In 1957, Kantorowicz published his masterpiece, The King's Two Bodies, which explored, in the words of the volume's subtitle, "medieval political theology." The book traced the ways in which theologians, historians, and canon lawyers in the Middle Ages and early modern period understood "the king" as both a mortal individual and an institution which transcends time. Drawing on a diverse array of textual and visual sources, including Shakespeare and Dante, The King's Two Bodies made a major contribution to the way historians and political scientists came to understand the evolution of ideas about authority and charisma vested in a single individual versus transpersonal conceptions of the realm or the state in pre-modern Europe. The book remains a classic in the field.
Kantorowicz died in his home in Princeton of an aortic aneurysm at age 68.

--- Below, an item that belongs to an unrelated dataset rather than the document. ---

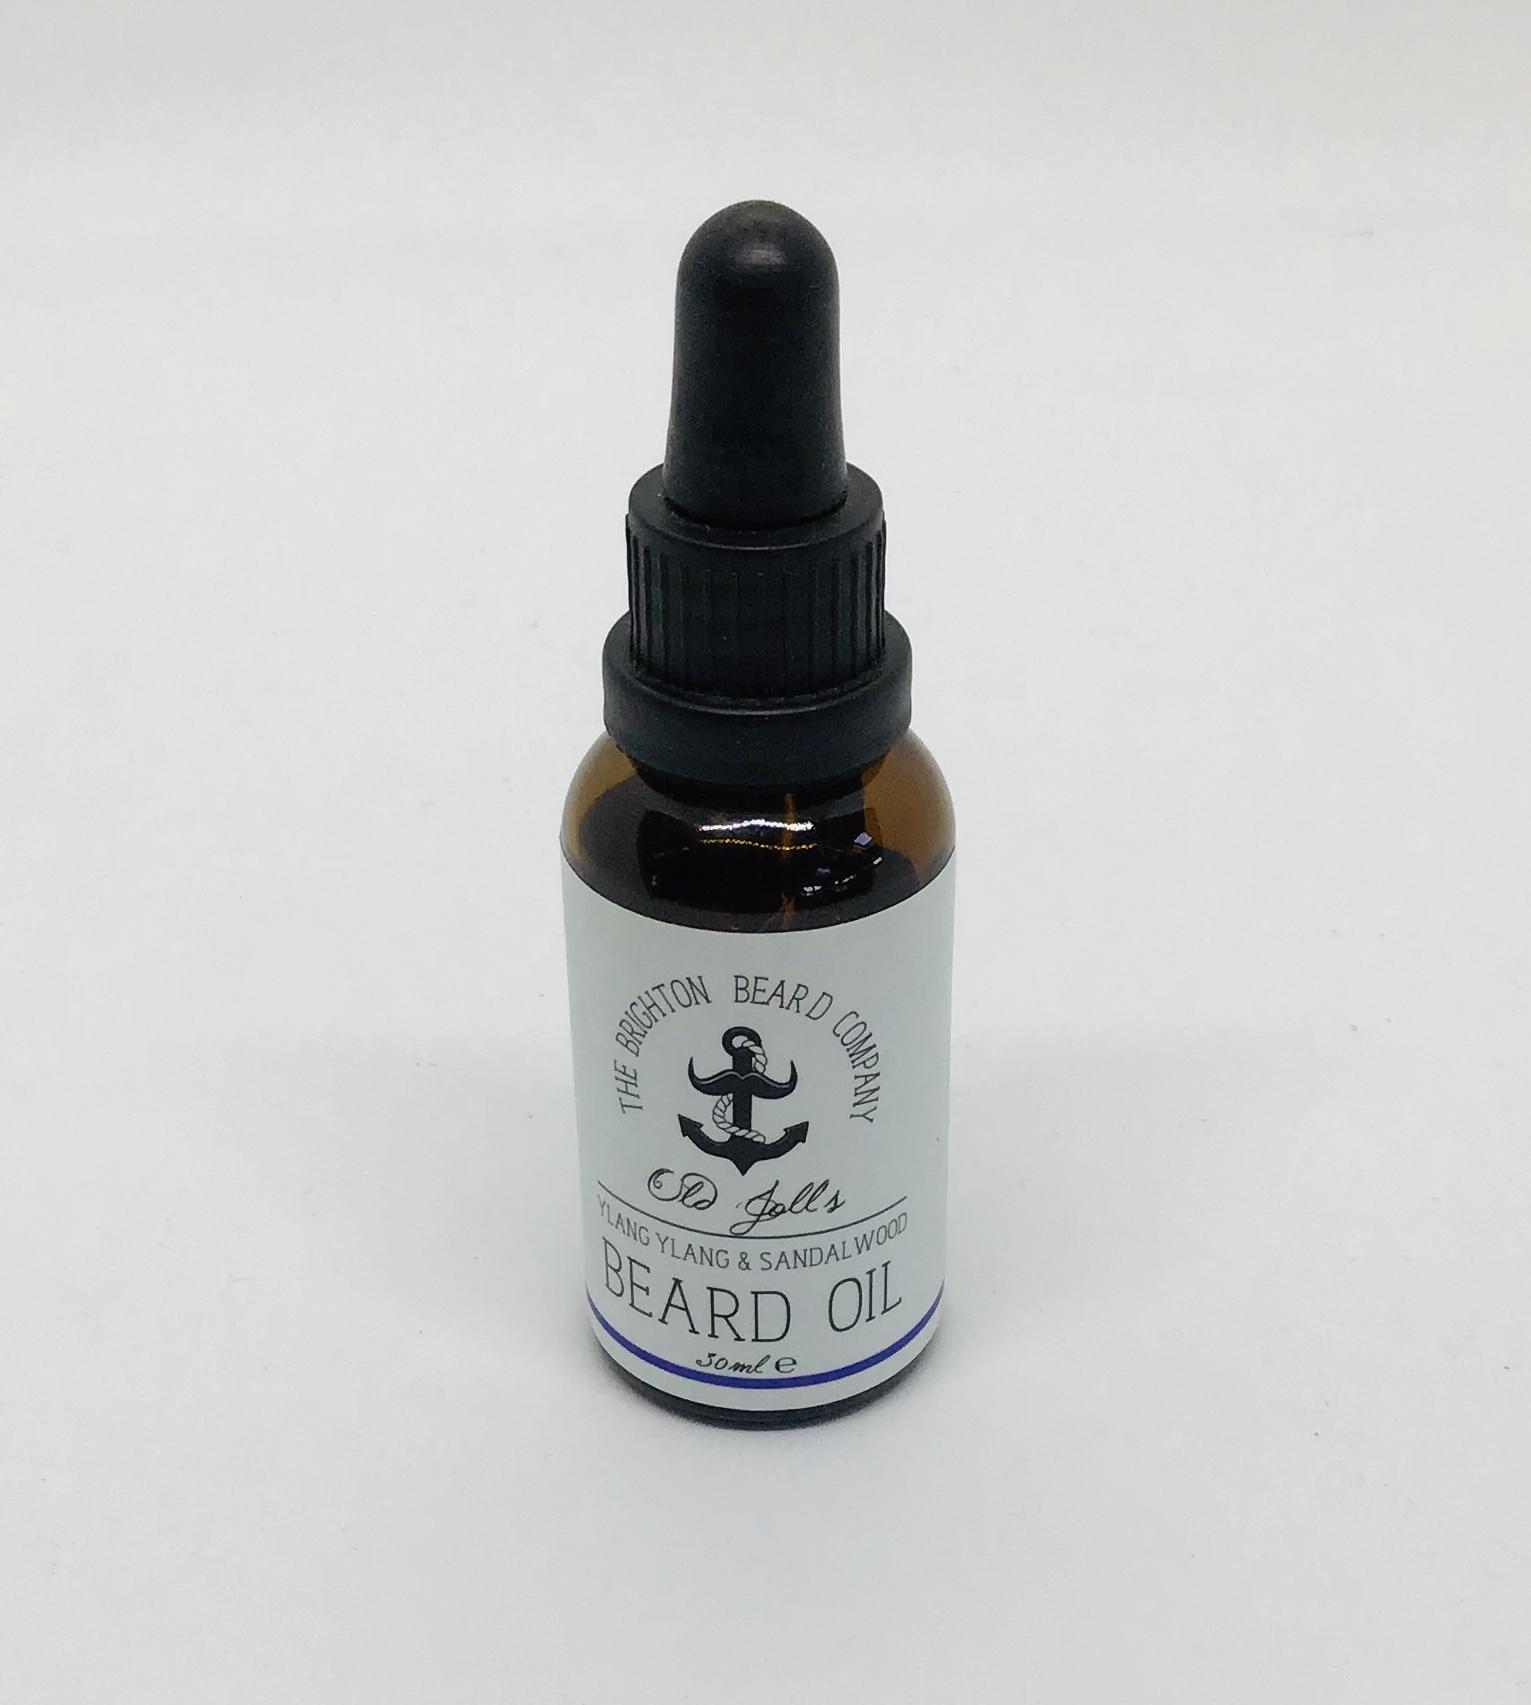 Brighton Beard Oil large

Kantorowicz was the subject of a controversial biographical sketch in the book Inventing the Middle Ages by the medievalist Norman Cantor. Cantor suggested that, but for his Jewish heritage, the young Kantorowicz could be considered a Nazi in terms of his intellectual temperament and cultural values. Cantor compared Kantorowicz with another contemporary German medievalist, Percy Ernst Schramm, who worked on similar topics and later joined the Nazi Party and served as the staff diarist for the German High Command during the war. Kantorowicz's defenders responded that although as a younger man Kantorowicz embraced the Romantic ultranationalism of the George-Kreis, he had only contempt for Nazism and was a vocal critic of Hitler's regime, both before and after the war.